M Denton et al. Clin Microbiol Rev. 1998 Jan.

Abstract

The gram-negative bacterium Stenotrophomonas maltophilia is increasingly recognized as an important cause of nosocomial infection. Infection occurs principally, but not exclusively, in debilitated and immunosuppressed individuals. Management of S. maltophilia-associated infection is problematic because many strains of the bacterium manifest resistance to multiple antibiotics. These difficulties are compounded by methodological problems in in vitro susceptibility testing for which there are, as yet, no formal guidelines. Despite its acknowledged importance as a nosocomial pathogen, little is known of the epidemiology of S. maltophilia, and although it is considered an environmental bacterium, its sources and reservoirs are often not readily apparent. Molecular typing systems may contribute to our knowledge of the epidemiology of S. maltophilia infection, thus allowing the development of strategies to interrupt the transmission of the bacterium in the hospital setting.
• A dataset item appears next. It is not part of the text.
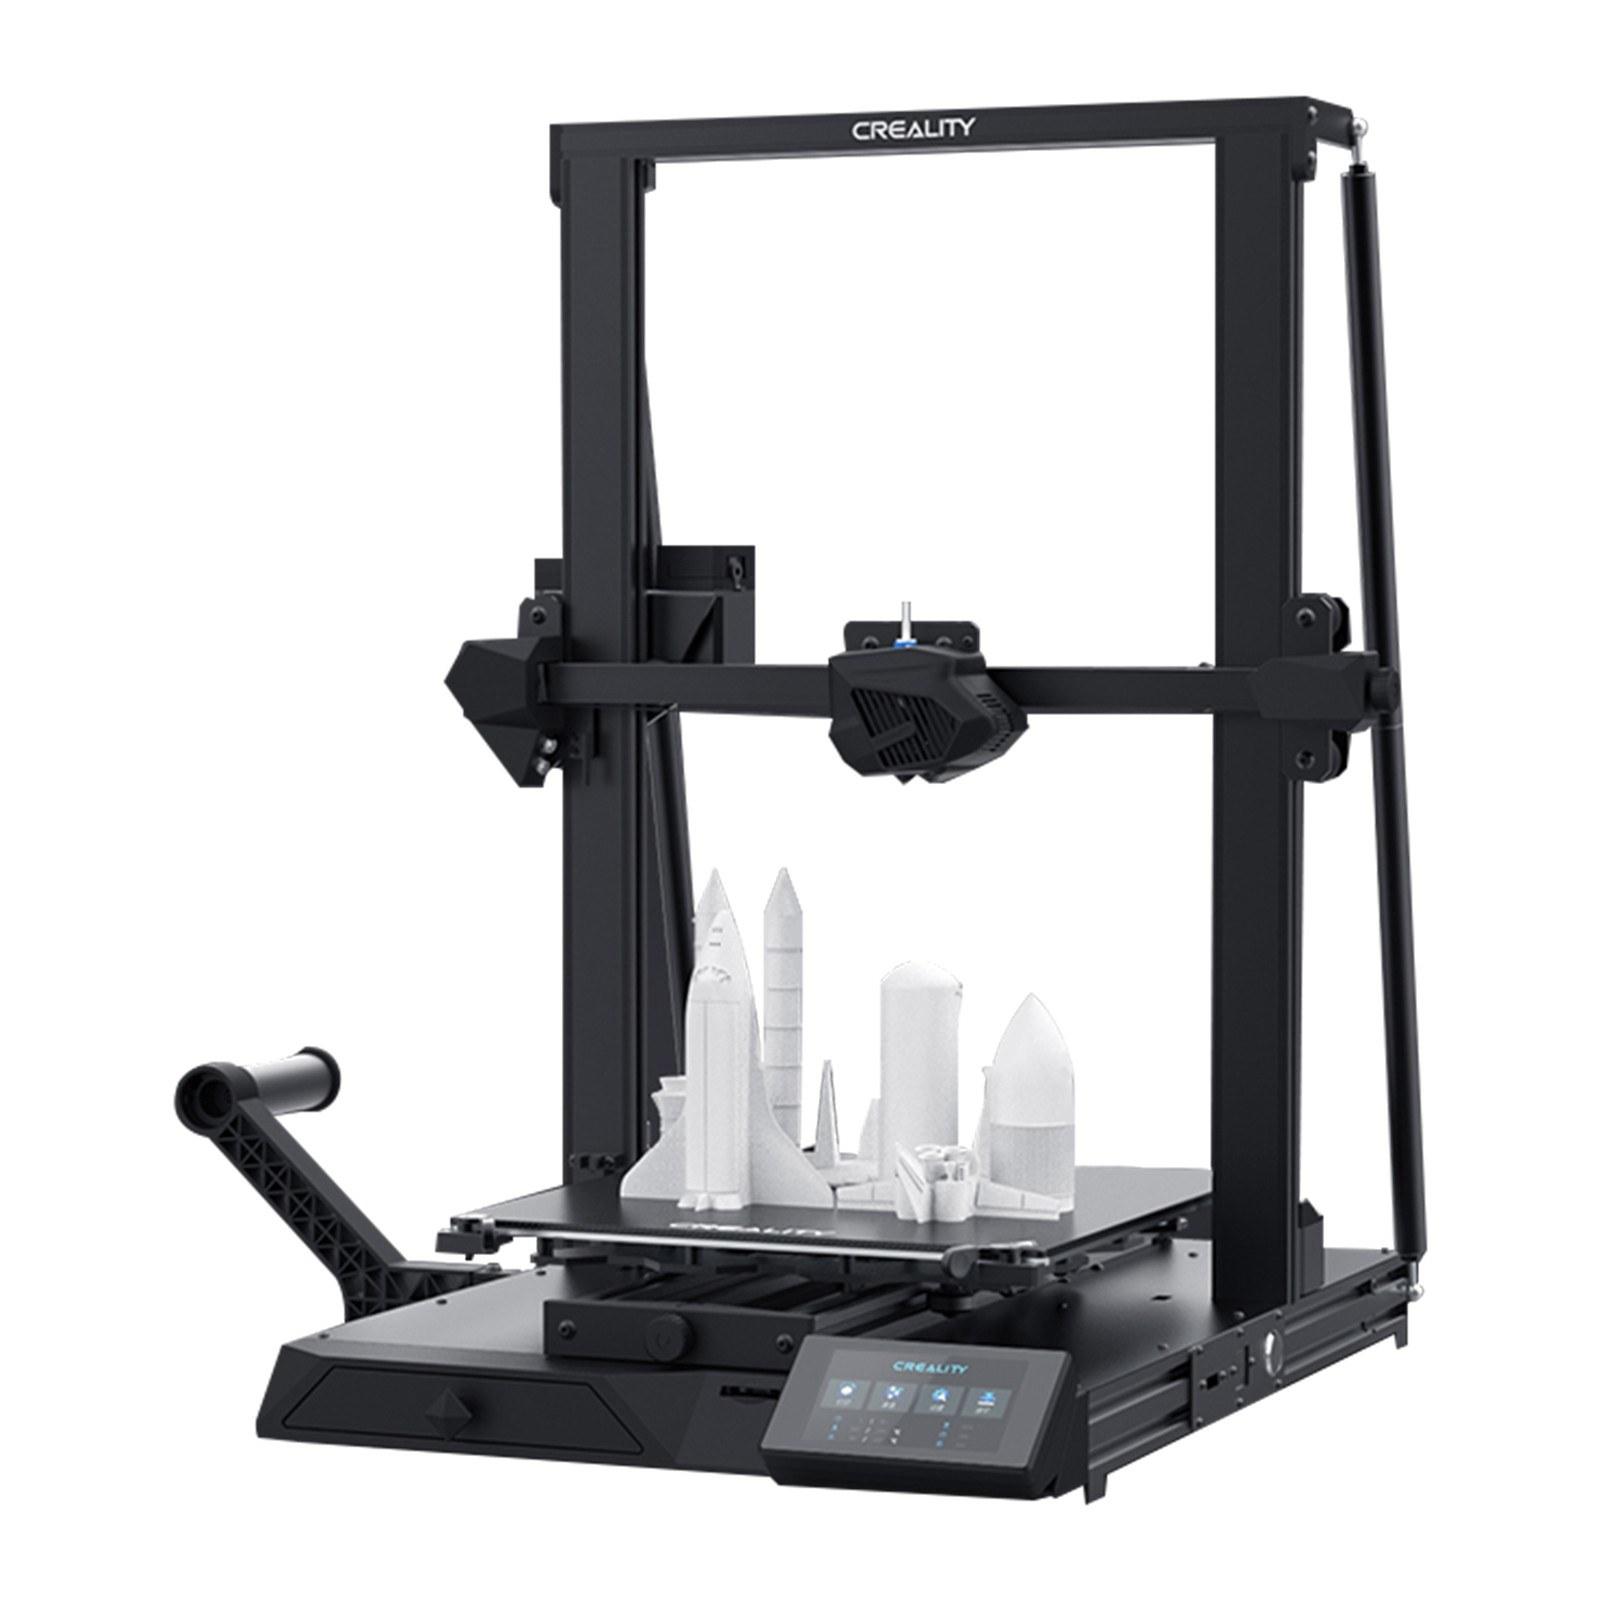 Tomtop - [EU Warehouse] Original Creality CR-10 Smart High Precision 3D Printer, $429 (Inclusive of VAT)

Even less is known of pathogenic mechanisms and putative virulence factors involved in the natural history of S. maltophilia infection and this, coupled with difficulties in distinguishing colonization from true infection, has fostered the view that the bacterium is essentially nonpathogenic. This article aims to review the current taxonomic status of S. maltophilia, and it discusses the laboratory identification of the bacterium. The epidemiology of the organism is considered with particular reference to nosocomial outbreaks, several of which have been investigated by molecular typing techniques. Risk factors for acquisition of the bacterium are also reviewed, and the ever-expanding spectrum of clinical syndromes associated with S. maltophilia is surveyed. Antimicrobial resistance mechanisms, pitfalls in in vitro susceptibility testing, and therapy of S. maltophilia infections are also discussed.